Like Hookergate, Contragate and even Fajitagate before it, Climategate is a product of a nearly 40-year old scandal-naming convention that is in no danger of becoming obsolete.
Climategate. It was only a matter of hours after an unknown hacker distributed emails stolen from a server used by the Climatic Research Unit at the the University of East Anglia in Norwich, England, that the scandal's predictable moniker began popping into the heads of writers, editors and media strategists, and onto the pages of the blogs, newspapers and talking points they produce.
The formulaic naming convention of adding a -gate to the end of an important person, place or thing in the scandal has became so commonplace it was named and defined in 1978 by journalist and political writer William Safire in his Safire's Political Dictionary. Safire called the practice "-gate construction" who admitted that he was just as culpable as the next reporter for perpetuating the practice by referring to a 1976 scandal as Koreagate.
But we haven't always had the handy naming convention, and we owe it all to the events that took place on June 17, 1972 (which is coincidentally my birthday). Watergate is a name that was simply built for scandal. The very construction of the word allows it to be easily customized to fit nearly any scenario. And it also has the unique ability to transcend language differences.

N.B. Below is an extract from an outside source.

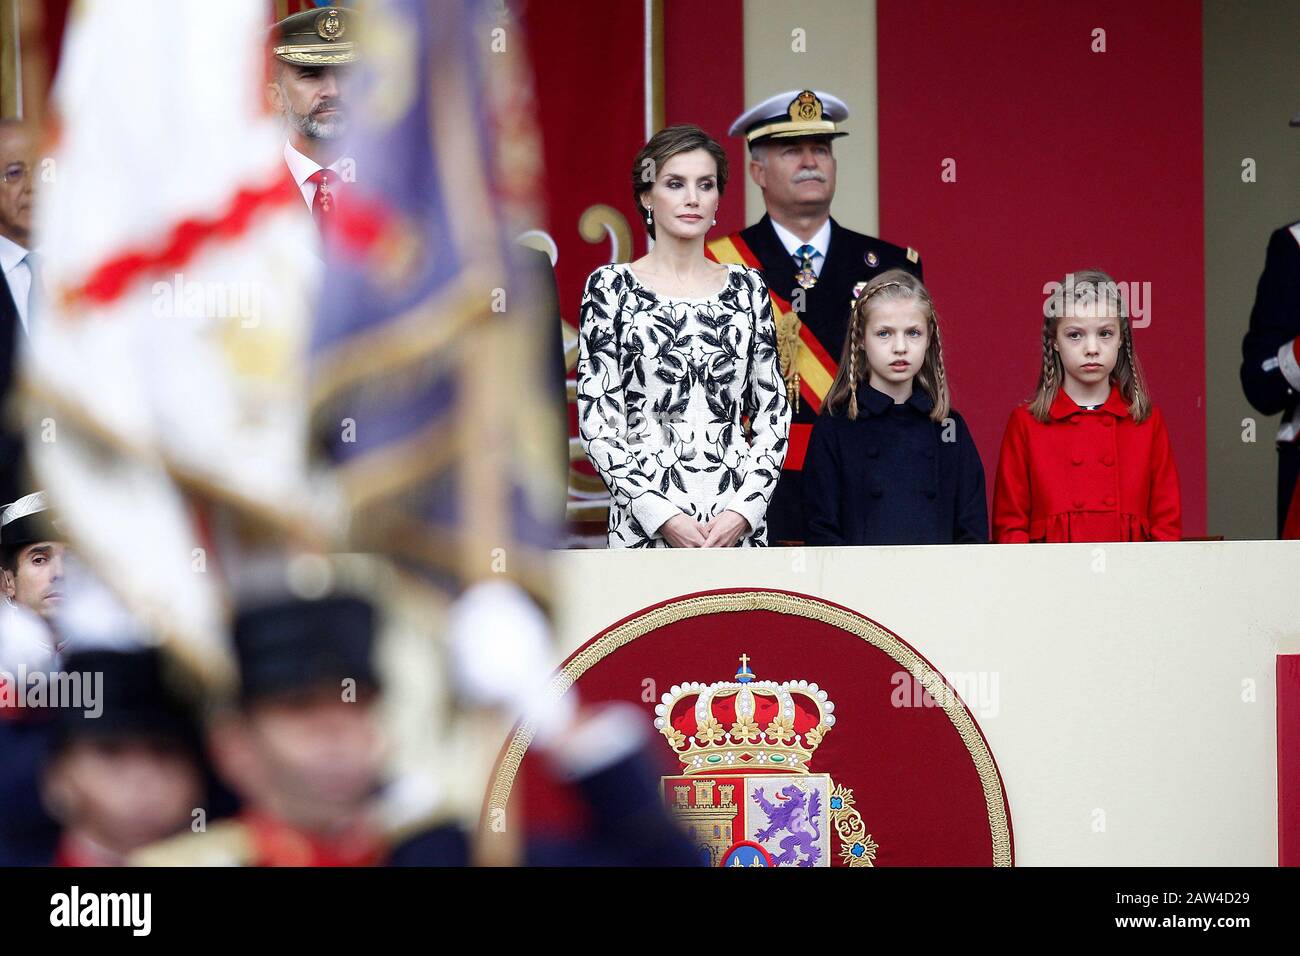 (L-R) die spanische Königin Letizia, die spanische Prinzessin Leonor und die spanische Prinzessin Sofia nehmen an der Militärparade des nationalen Tages Teil. Oktober 2016. (ALTERPH Stockfoto

Watergate. Everyone knows it as the name of the scandal that rocked the Nixon administration in 1972. Named after the Watergate Hotel and Complex in Washington, D.C. where five men with ties the Committee to Re-Elect the President (Nixon) were arrested for breaking into the Democratic National Committee headquarters, Watergate quickly became synonymous with scandal — both political and otherwise.
After Watergate, a scandal in France dealing with the fraudulent mis-labeling of Bordeaux wines was quickly dubbed the Winegate affair by French papers. After the initial copy-cat, the floodgates officially opened and the long affair with slapping a -gate onto the name of an important player or some word(s) related to a given scandal had begun.

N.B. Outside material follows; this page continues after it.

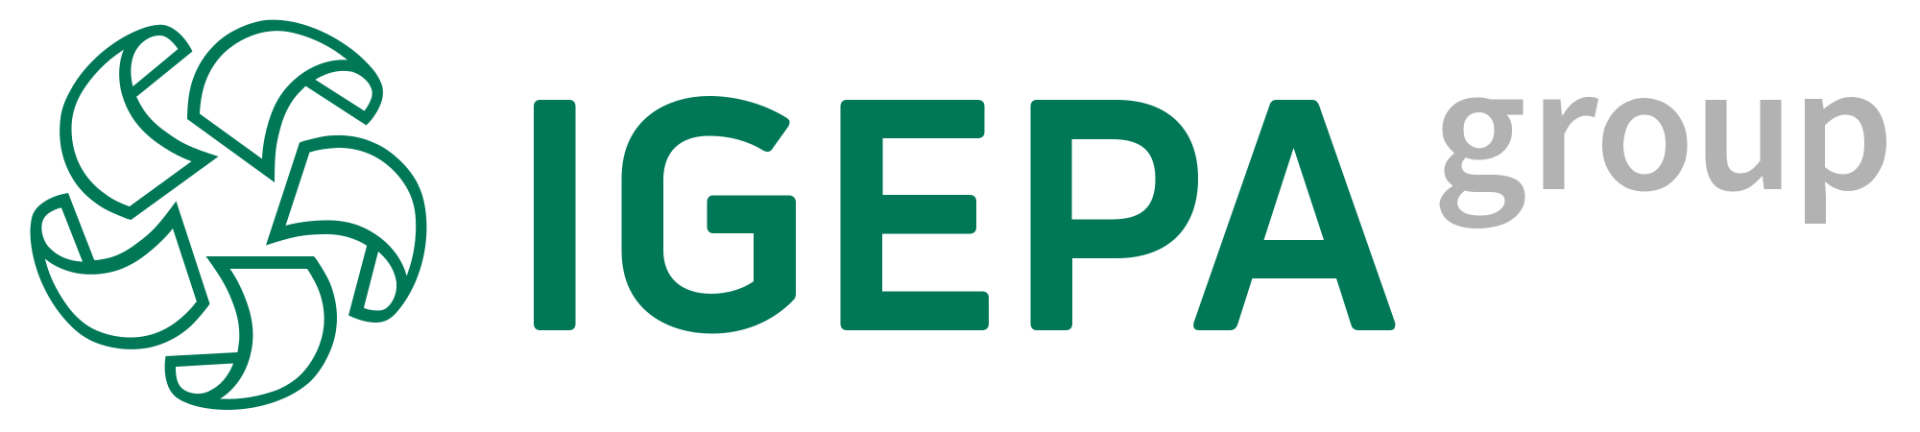 igepa logo transparent

Amazingly, there are well over two hundred scandals with the -gate suffix. And while Wikipedia lists 221 or so "widely recognized scandals", there are more than a few you have probably forgotten about (or, more likely, never heard of).
Other than being President Jimmy Carter's brother, you may have only known his brother Bill Carter for his short-lived Billy Beer, but the affable brother to the President was also at the center of the aptly-named Billygate, when he was hired by the Libyan government as a foreign agent.
Of course there were the 3 Troopergate scandals, the most recent of which involved Alaska Governor and former Republican vice-presidential candidate Sarah Palin. And some of you may remember Travelgate, the 1993 firings of White House Travel Office employees at the start of the Clinton administration.
But it didn't take long for the -gate suffix to spill out of politics and into popular culture -- and into sports in particular.
There was the infamous Nipplegate affair when singer Justin Timberlake revealed more of Janet Jackson than anyone expected (except the two performers themselves) in what they later referred to as a "wardrobe malfunction" during the halftime show of Super Bowl XXXVIII. And who can forget Monkeygate - the controversy that resulted when Harbhajan Singh, the Indian off-spin bowler, allegedly called an Australian batsman a "monkey" during the controversial Sydney Test match in January 2008.
Finally, do you remember Chicanegate, when McLaren's Lewis Hamilton cut of the Bus Stop-chicane during a fight for race position with Ferrari's Kimi Räikkönen to win the 2008 Belgian Grand Prix? Of course you don't. In fact, perusing the list of 200+ "scandals" in the Wikipedia entry about the -gate suffix you might recognize only a handful. And it appears as though Americans are hardly the ones to blame for the practice. The Brits (and their Commonwealth brothers and sisters) absolutely love it.
So if you're tired of hearing about a different scandalgate every other week, I have some bad news for you. The practice doesn't appear to be waning. In the most recent edition of Safire's Political Dictionary, published shortly before the author's death in September of 2009, William Safire predicts, "The formulation with the -gate suffix is too useful to fade quickly."
And if you're tired of hearing about Climategate, I have even more bad news for you: the word Climategate outranked "global warming" in Google searches on Friday.